Moody's changes outlook on Eesti Energia's Baa1/P-2 ratings to negative

08 Jan 2013

EUR600 million of debt affected

London, 08 January 2013 -- Moody's Investors Service has today changed to negative from stable the outlook on the Baa1/Prime-2 issuer rating of Eesti Energia AS. Concurrently, Moody's has changed the outlook to negative on the Baa1 senior unsecured debt rating of Eesti Energia.

RATINGS RATIONALE

Today's rating action reflects the expected deterioration in Eesti Energia's credit profile due to wide-ranging market pressures on its electricity generation and supply activities coupled with the group's evolving business risk profile.

Whilst there is some upside to the full opening of the market on 1 January 2013, as it may lead to higher average power prices in Estonia in the near term, volatility and pressure on Eesti Energia's cash flows will intensify as the market becomes more competitive. In addition, further integration of the Estonian market with other Baltic states and the Nordic region may exert pressure on Eesti Energia's ability to maintain its profitability given its CO-2-intensive oil-shale-based generation assets. Starting from this year, Eesti Energia will need to buy a certain portion of CO2 emissions allowances, such portion increasing over time, which will impair the group's generation segment profitability further. More positively, Moody's notes that the extent of the pressure is mitigated by the group's hedging policy in the near term.

An increasing proportion of Eesti Energia's business comprises shale oil activities, which Moody's considers carry higher risk compared with the group's core utility services. Indeed, Eesti Energia's shale oil activities will increase materially this year following the start of production at the group's Enefit280 facility. Moody's notes that, due to technological problems, the project has encountered some delays to its scheduled start of production in September 2012, but understands that the facility will be fully operational later this year.

Eesti Energia's financial profile has been solid over recent years. However, the group has increased its capital expenditure programme materially, resulting in estimated negative free cash flow generation of more than EUR300 million in 2012. Whilst some of the investments were supported by an equity injection last year from the Government of Estonia amounting to EUR150 million, Eesti Energia's credit metrics will deteriorate over time from their historically strong levels given the group's over EUR900 million in committed investments for 2013-15.

Eesti Energia falls under Moody's rating methodology for Government-Related Issuers (GRIs) given its 100% ownership by the Government of Estonia (A1 stable). Eesti Energia's Baa1 rating incorporates uplift for potential government support to the group's standalone credit quality, expressed by Moody's as a baseline credit assessment (BCA), which the rating agency views as commensurate with a baa2 rating.

Eesti Energia's BCA is underpinned by the group's strong position in its domestic market as a vertically integrated utility and its historically moderate leverage.
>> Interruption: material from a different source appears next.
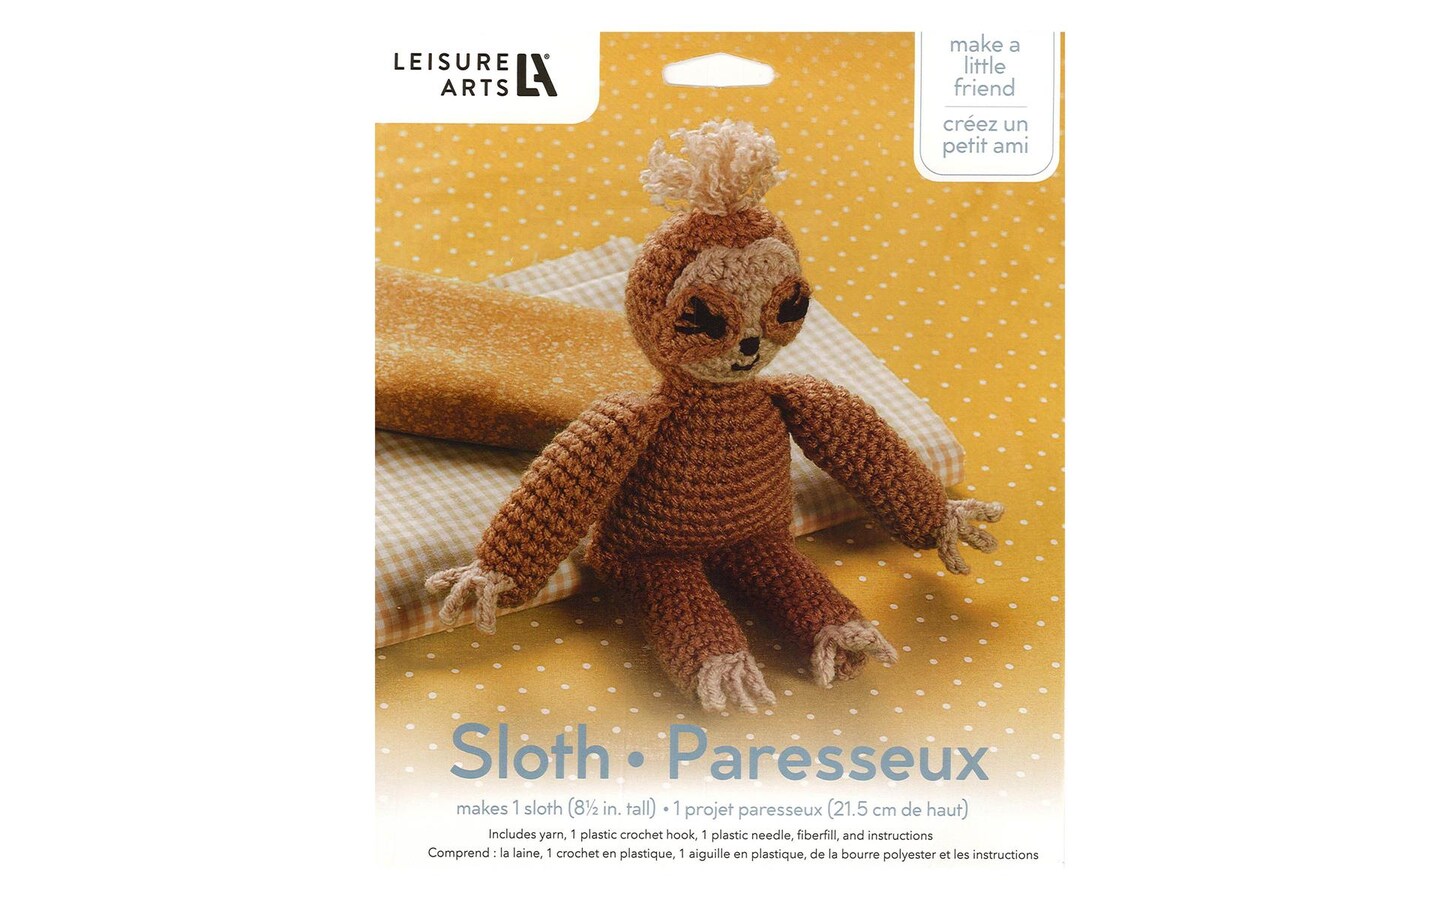 Leisure Arts Little Crochet Friend Animals Crochet Kit, Bunny, 8, Complete Crochet  kit, Learn to Crochet Animal Starter kit for All Ages, Includes  Instructions, DIY amigurumi Crochet Kits

The rating is, however, constrained by the group's (1) growing shale oil activities; (2) small size and ageing CO2-emission-intensive generation portfolio; and (3) high level of capital expenditure, which Moody's would expect to weigh on the group's financial profile. Eesti Energia's current rating does not take into account any further significant investments that the group could make into the expansion of shale oil production.

WHAT COULD CHANGE THE RATING UP/DOWN

Given the current negative outlook on the ratings, Moody's does not expect upward rating pressure in the next 12-18 months. However, the rating agency could change the outlook back to stable if, following the full opening of the electricity market in Estonia, Eesti Energia demonstrates an ability to maintain (1) its strong market position; and (2) profitability in its more competitive markets; and (3) show improvement in free cash flow generation.

Eesti Energia's rating could come under downward pressure if the company's funds from operations (FFO)/interest coverage ratio were to fall below 5.0x and its FFO/net debt ratio were to decline, and remain, below 25% under an assumption of a continued strong cash flow generation of the electricity segment. In addition, negative pressure on Eesti Energia's rating could develop as a result of (1) a shift in the group's business risk profile, as evidenced by a material increase in cash flows stemming from shale oil activities; (2) material adverse changes in the regulatory framework in Estonia; (3) significant further expenditure on shale oil activities and financing of thereof; or (4) a deterioration in the credit quality of the Government of Estonia and/or a reduction in the support assumptions currently incorporated in Moody's assessment.

PRINCIPAL METHODOLOGY

The methodologies used in this rating were Unregulated Utilities and Power Companies published in August 2009, and Government-Related Issuers: Methodology Update published in July 2010. Please see the Credit Policy page on www.moodys.com for a copy of these methodologies.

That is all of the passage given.